A somatic dysfunction is defined as an altered function or impairment of the framework of the body, that is, bones, joints, muscles and fascia. This altered function can affect related blood supply, lymph flow and/or nervous function. The diagnostic criteria can be remembered with the mnemonic TART, which stands for Tissue Texture Change, Asymmetry, Restriction of Motion and Tenderness. Furthermore, the qualities of these findings may characterize a somatic dysfunction as either acute or chronic.
Tissue texture change is an objective physical exam finding characterized by abnormal tissue quality upon palpation. This is subject to clinical judgement by the practitioner and recognition improves with an individual’s experience. Acute tissue texture changes will often be hypertonic, spasmodic, warm, erythematous, boggy, or edematous. Chronic tissue texture changes will likely be hypotonic, flaccid, pliable, cool, pale or stringy.

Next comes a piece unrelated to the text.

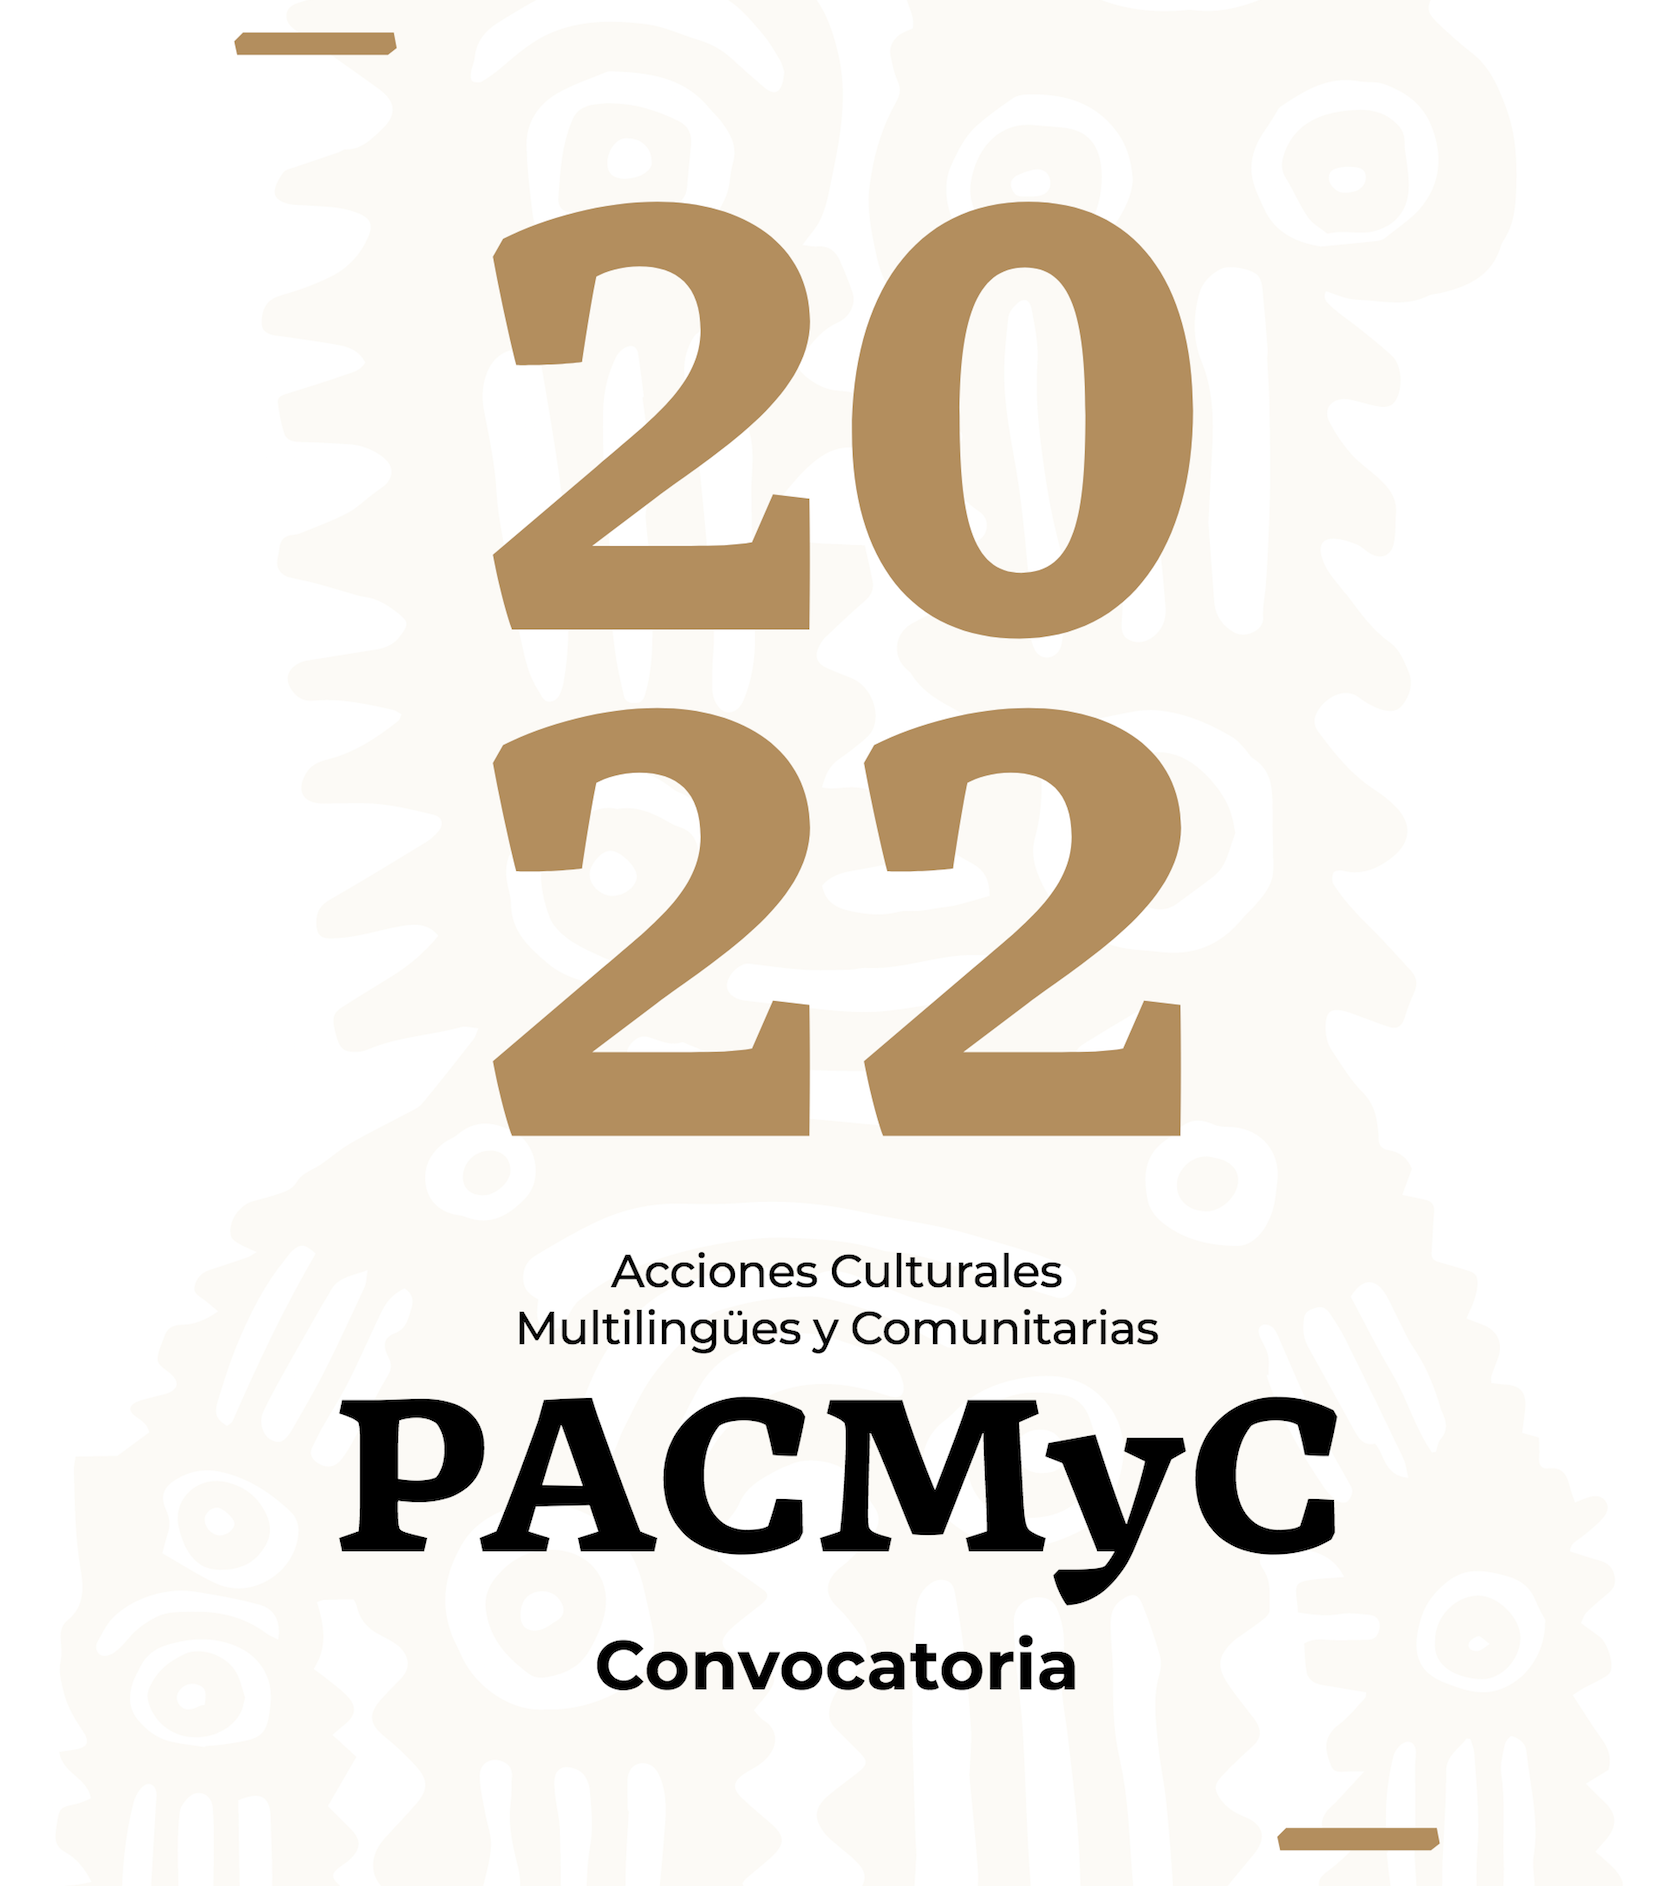 Está abierta la convocatoria PACMyC 2022

Asymmetry is best assessed by evaluating corresponding bones, joints and muscles on the contralateral side. Acute somatic dysfunction causes obvious asymmetry whereas chronic somatic dysfunction with asymmetry will present with compensation in other parts of the body.
Restriction generally refers to restriction of range of motion in a joint. There are two normal ranges of motion: physiologic, in which the patient actively moves through a range of motion, and anatomic, where the practitioner moves the joint through a passive range of motion. A restrictive barrier is any barrier that limits the physiologic range of motion. An acute somatic dysfunction will most likely cause a painful restriction of motion, and a chronic somatic dysfunction will likely have a less painful restriction of motion.
Tenderness is any pain that is elicited upon palpation that would not normally produce pain. This is the only diagnostic criteria that is not objective, as it requires patient feedback. Tenderness is more prominent in acute somatic dysfunction and less prominent in chronic somatic dysfunctions.
Viscerosomatic reflex is a term for when autonomic input from the viscera causes somatic dysfunction. The term for this input by the autonomic nervous system onto the musculoskeletal system is dysautonomia. Detection of these reflexes is useful both as diagnostic criteria and as a therapeutic measure. It is important to know that the spinal cord levels of the visceral organs' preganglionic neurons correspond best with viscerosomatic reflexes.
Acute somatic dysfunction will often feel hypertonic, spasmodic, warm, erythematous, boggy, and/or edematous with apparent painful restriction of motion, uncompensated asymmetry and exquisite tenderness. Acute somatic dysfunction is uncommonly associated with viscerosomatic reflexes. Long standing, chronic somatic dysfunction will feel hypotonic, flaccid, pliable, cool, pale and/or stringy; there will be asymmetry but with compensation from other parts of the body, restrictions of range of motion and less tenderness to palpation than acute somatic dysfunction. Viscerosomatic reflexes are relatively common in chronic somatic dysfunctions.